Protected area in South Australia

Mamungari Conservation Park (formerly known as Unnamed National Park, Unnamed Conservation Park and also known as the Unnamed Biosphere Reserve) is a protected area located in South Australia within the southern Great Victoria Desert and northern Nullarbor Plain about 200 km west of Maralinga and 450 km northwest of Ceduna. It is about 1000 km north-west of Adelaide and abuts the Western Australia border
==History==
The conservation park was proclaimed in 1970 as a national park under the then National Parks Act 1966 for the purpose of conserving "the environments of the Great Victoria Desert and protect wilderness values". It was not assigned a name in 1970 and was subsequently constituted as the Unnamed Conservation Park under the National Parks and Wildlife Act 1972. It was renamed as Mamungari Conservation Park on 30 November 2006.

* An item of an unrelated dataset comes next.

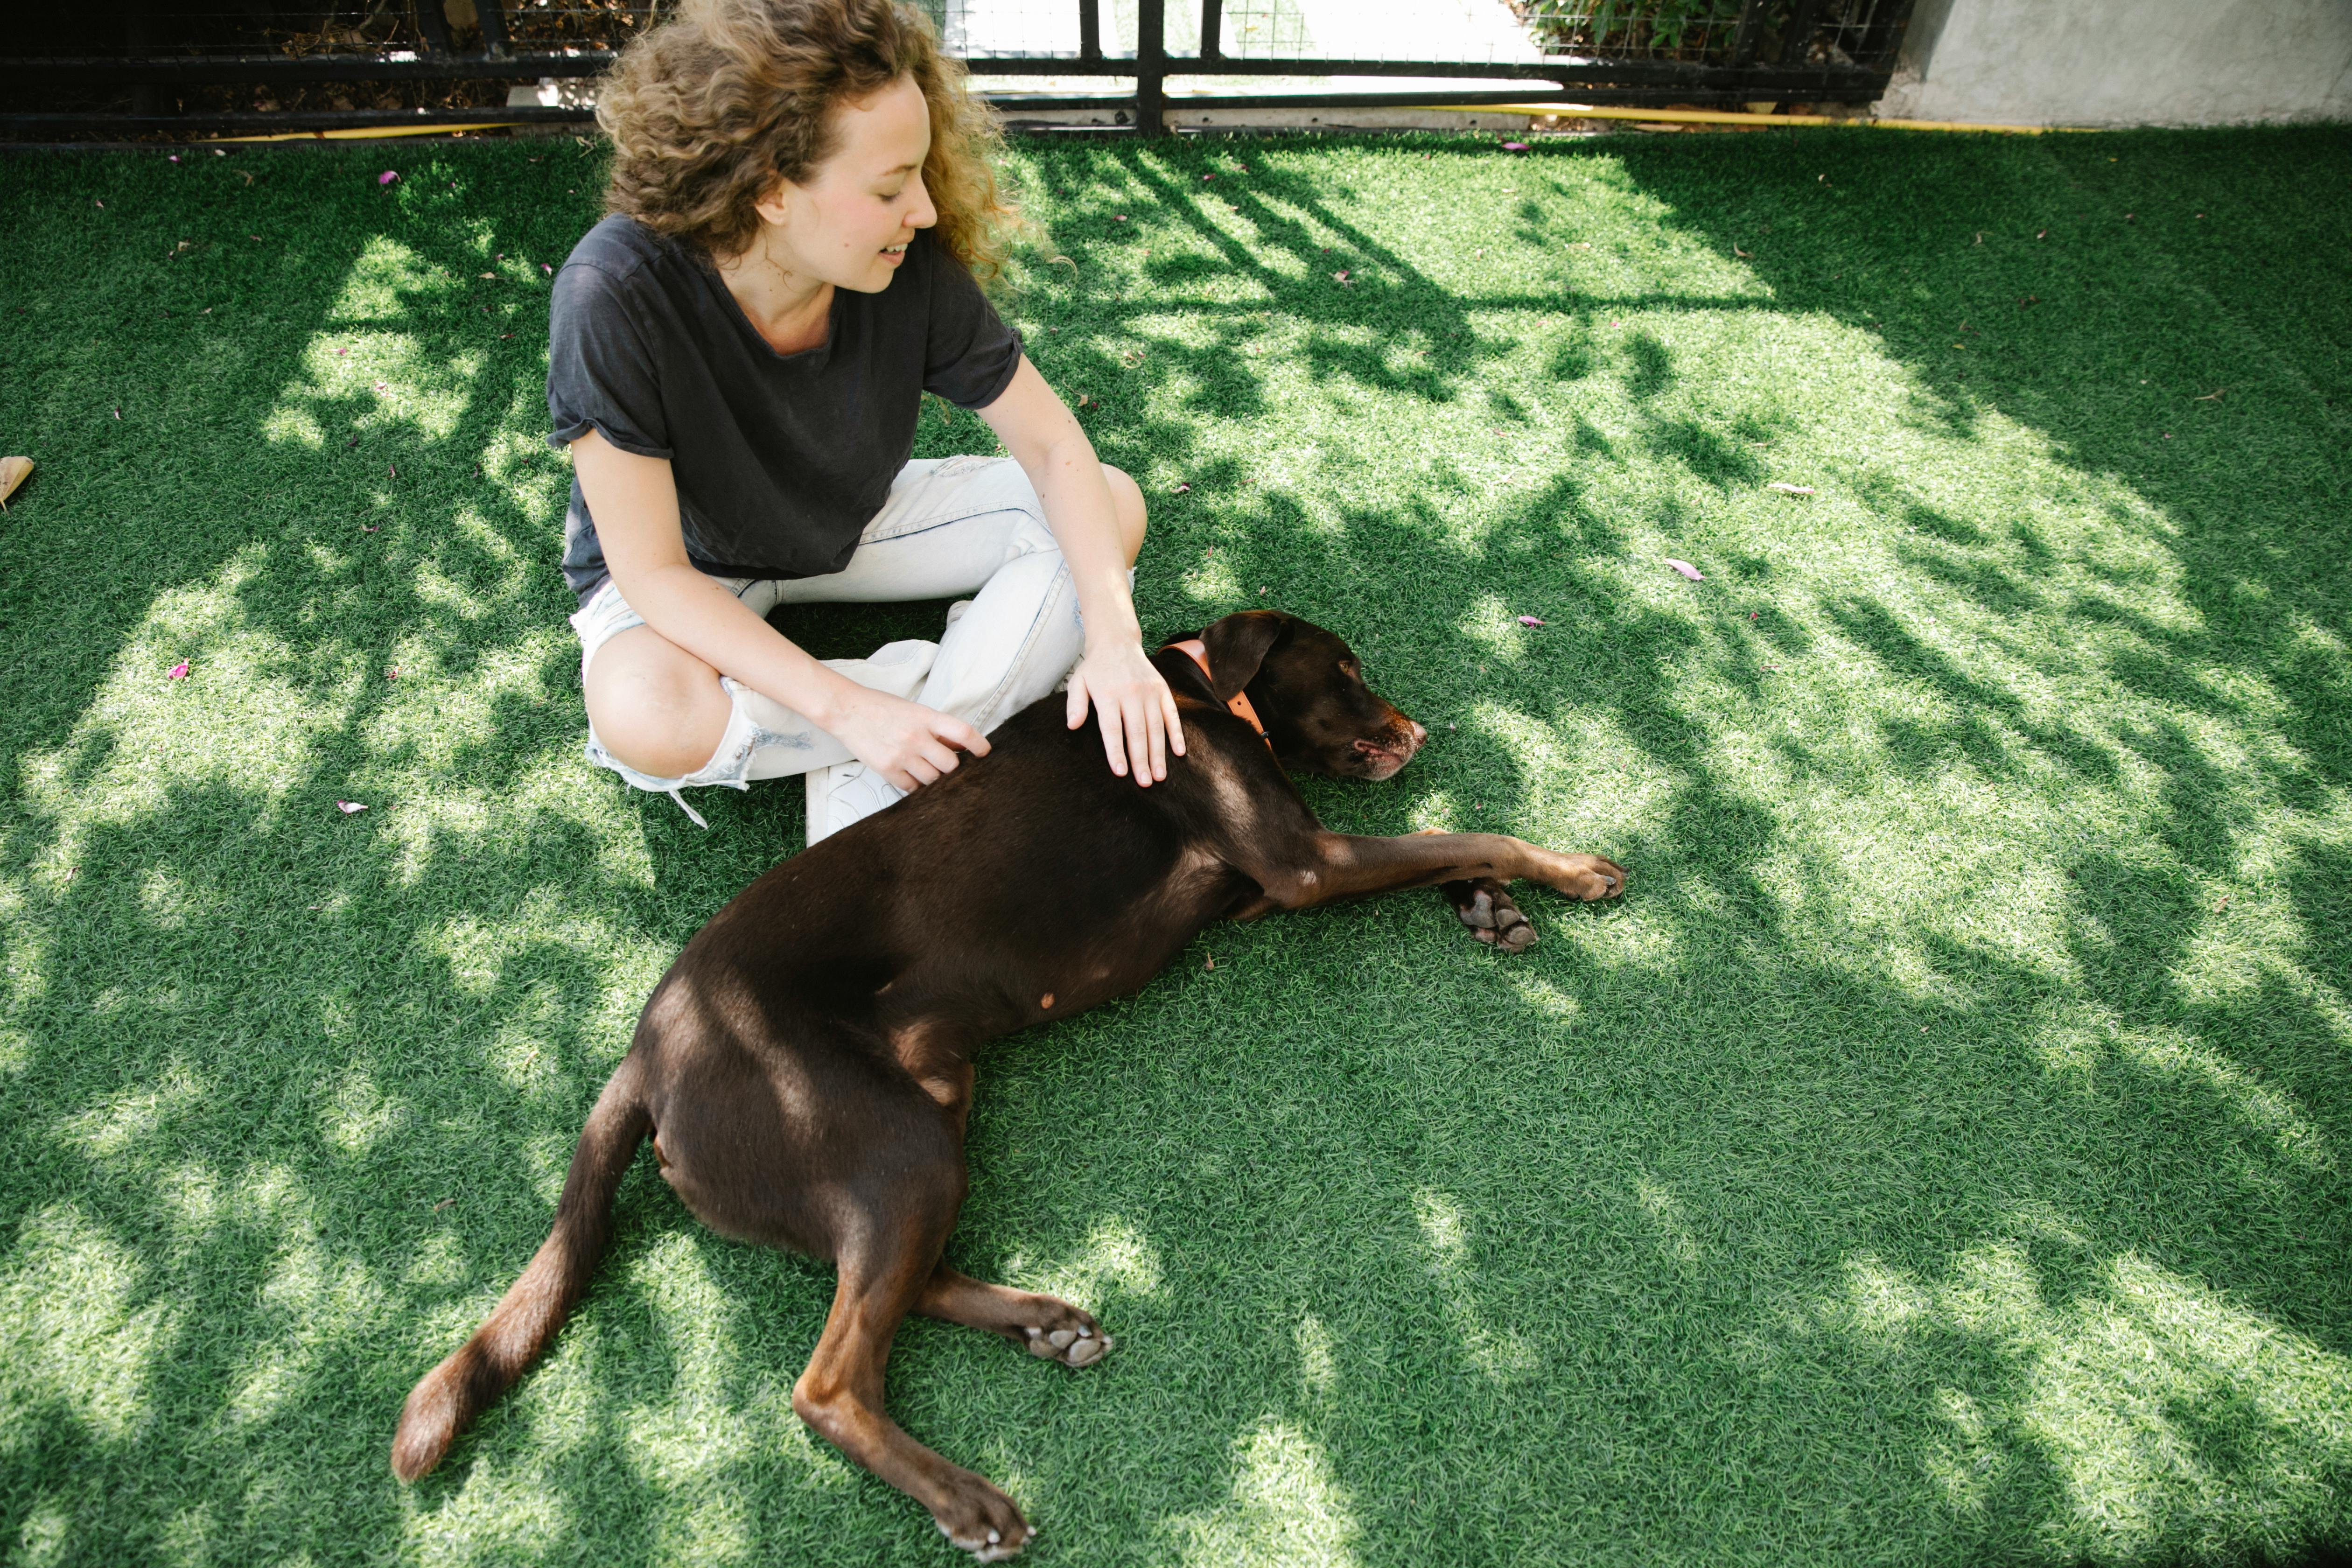 owner caressing pointing dog on lawn with shadows

In May 2004, following the passage of special legislation, SA Premier Mike Rann fulfilled a pledge he had made to Maralinga leader Archie Barton as Aboriginal Affairs Minister in 1991, by handing back title to 21,000 km2 of land to the Maralinga Tjarutja and Pila Nguru people, including the conservation park and the Serpentine Lakes. This was the largest land return under native title in South Australia since Premier John Bannon's hand over of Maralinga lands in 1984.
==Conservation status==
It is one of fourteen UNESCO World Biosphere Reserves in Australia and obtained this status in 1977 with the name of the Unnamed Biosphere Reserve.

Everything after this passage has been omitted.